Seeds You Should Be Eating If You Need More Zinc And Magnesium

Balancing all your nutritional needs can seem like a full-time job, especially since not all foods contain all the nutrients you need. (Here are some foods you probably thought were healthy, but actually aren't.) But as far as healthy diet additions go, seeds are a good option. Incorporating the right kinds into your diet can help you get enough of two key minerals: zinc and magnesium.

Zinc helps keep your immune system running at peak performance, and is essential for making DNA and proteins in the body. It may also help you recover from colds faster. A 2024 review in the Cochrane Database of Systematic Reviews showed that zinc consumption may shorten the duration of common cold symptoms.

Meanwhile, a 2023 review in Biological Trace Element Research noted a potential correlation between heightened sleep quality and magnesium intake. While not conclusive, these findings somewhat substantiate those of a 2012 study in the Journal of Research in Medical Sciences. The study looked at the effect of magnesium supplementation on older subjects with insomnia. After taking 500 milligrams of magnesium for eight weeks, the subjects reported overall improvements in their sleep. Apart from sleep benefits, magnesium also supports numerous important functions in the body. 

In particular, three seeds can deliver a substantial amount of both nutrients: pumpkin seeds, sunflower seeds, and chia seeds.

Pumpkin seeds and sunflower seeds: power-packed snacks

Pumpkin seeds are decent sources of both magnesium and zinc. Every cup of pumpkin seeds has 649 milligrams of magnesium. With the daily recommended magnesium amounts hovering between 310 and 420 milligrams for most adults, that's more than enough to help you reach your goals. The same cup of pumpkin seeds provides about 9 milligrams of zinc; the recommended daily intake of zinc is 8 milligrams for adult women and 11 milligrams for adult men. (Oh, and on top of that, pumpkin seeds have more protein than an egg.)

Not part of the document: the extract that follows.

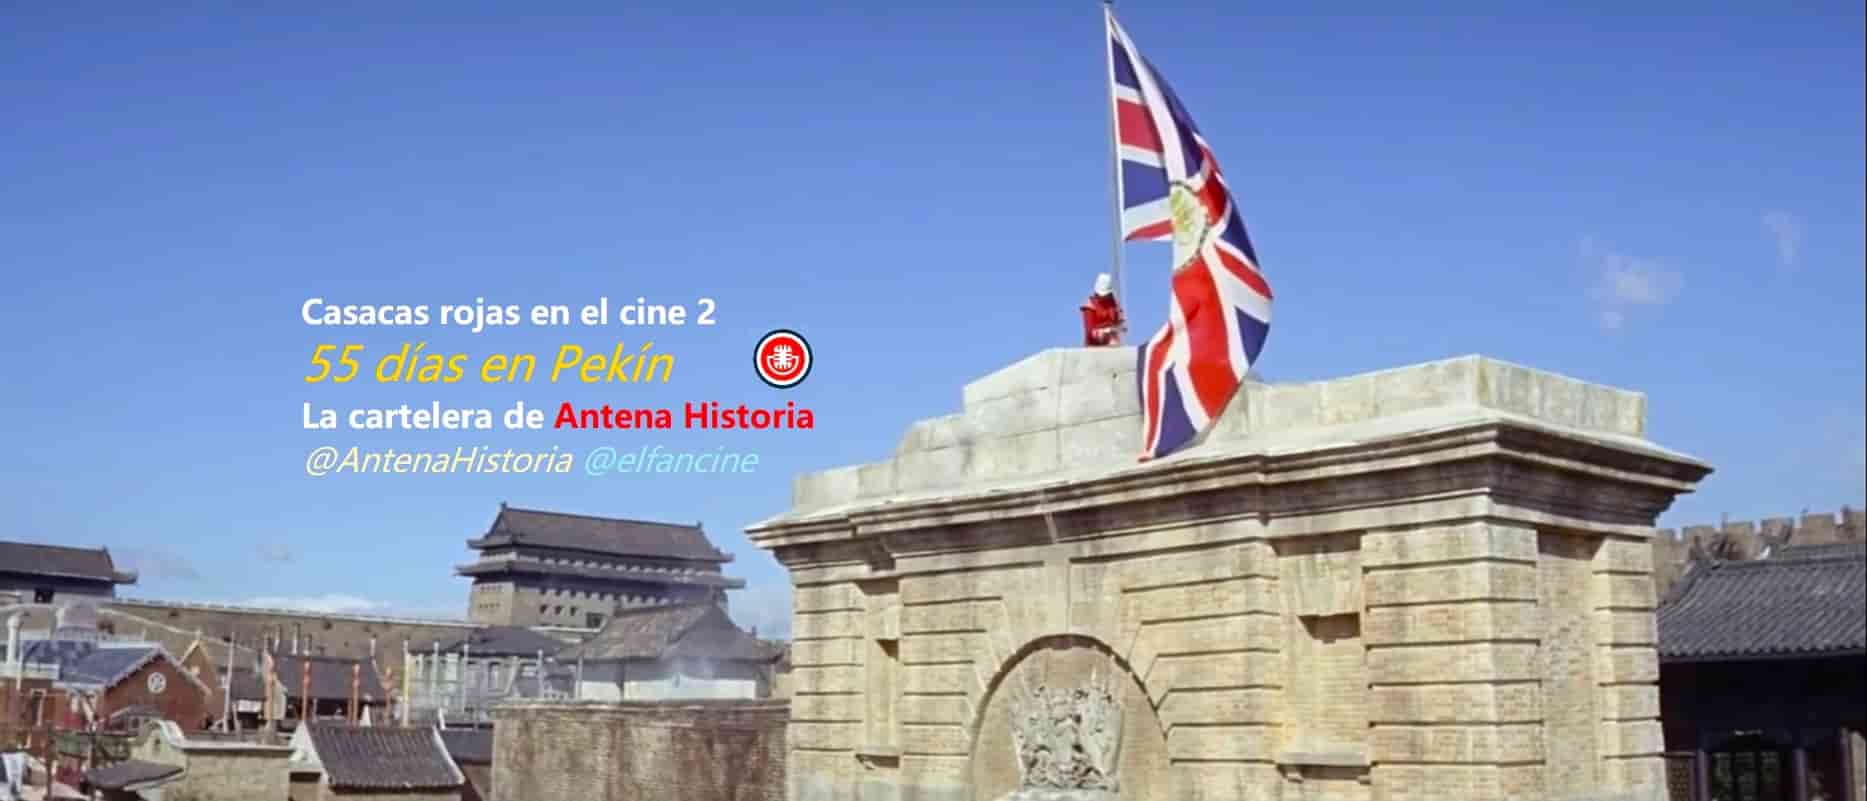 55 dias en Pekin - el fancine - Antena Historia - La cartelera de Antena Historia - Podcast de cine - Asia - China

What if you're not a fan of pumpkin seeds? You can substitute them with squash and gourd seeds, or try some sunflower seeds instead. A single cup of sunflower seeds has around 7 grams of zinc and 173 milligrams of magnesium. While those numbers are lower than what you'd find in the same serving size of pumpkin seeds, sunflower seeds do deliver enough of both nutrients to give a decent boost to your nutrition goals.

Are you getting enough magnesium and zinc in your diet?

Compared to pumpkin seeds and sunflower seeds, chia seeds are quite tiny, which means they can be sprinkled on foods easily. Additionally, they can be mixed with milk and turned into a sweet treat that you can have for breakfast or dessert. And they're full of nutrients: A one-ounce serving of chia seeds contains 1.3 milligrams of zinc and 95 milligrams of magnesium. (Here are other real health benefits of chia seeds.)

It's worth mentioning that adults living in the United States are at risk of being diagnosed with a magnesium deficiency. According to a 2018 article in Nutrients, around half the population may be lacking magnesium in their diets. Magnesium deficiency has been associated with numerous health disorders, including irregular heartbeat, muscle spasms, fibromyalgia, migraines, osteoporosis, metabolic syndrome, and other critical disorders related to the bones and heart.

Zinc deficiency isn't as common as magnesium deficiency for people in the United States — there are more cases observed in developing countries (per StatPearls) — but they can still occur. Your risk increases if you eat a vegetarian diet, since some plant-based foods contain compounds (e.g., phytate) that interfere with zinc bioavailability. Plus, up to 40% of individuals with inflammatory bowel syndrome and some with celiac disease may have insufficient zinc levels due to absorption issues. Children with sickle cell disease and those who are pregnant are also more likely to have a zinc deficiency.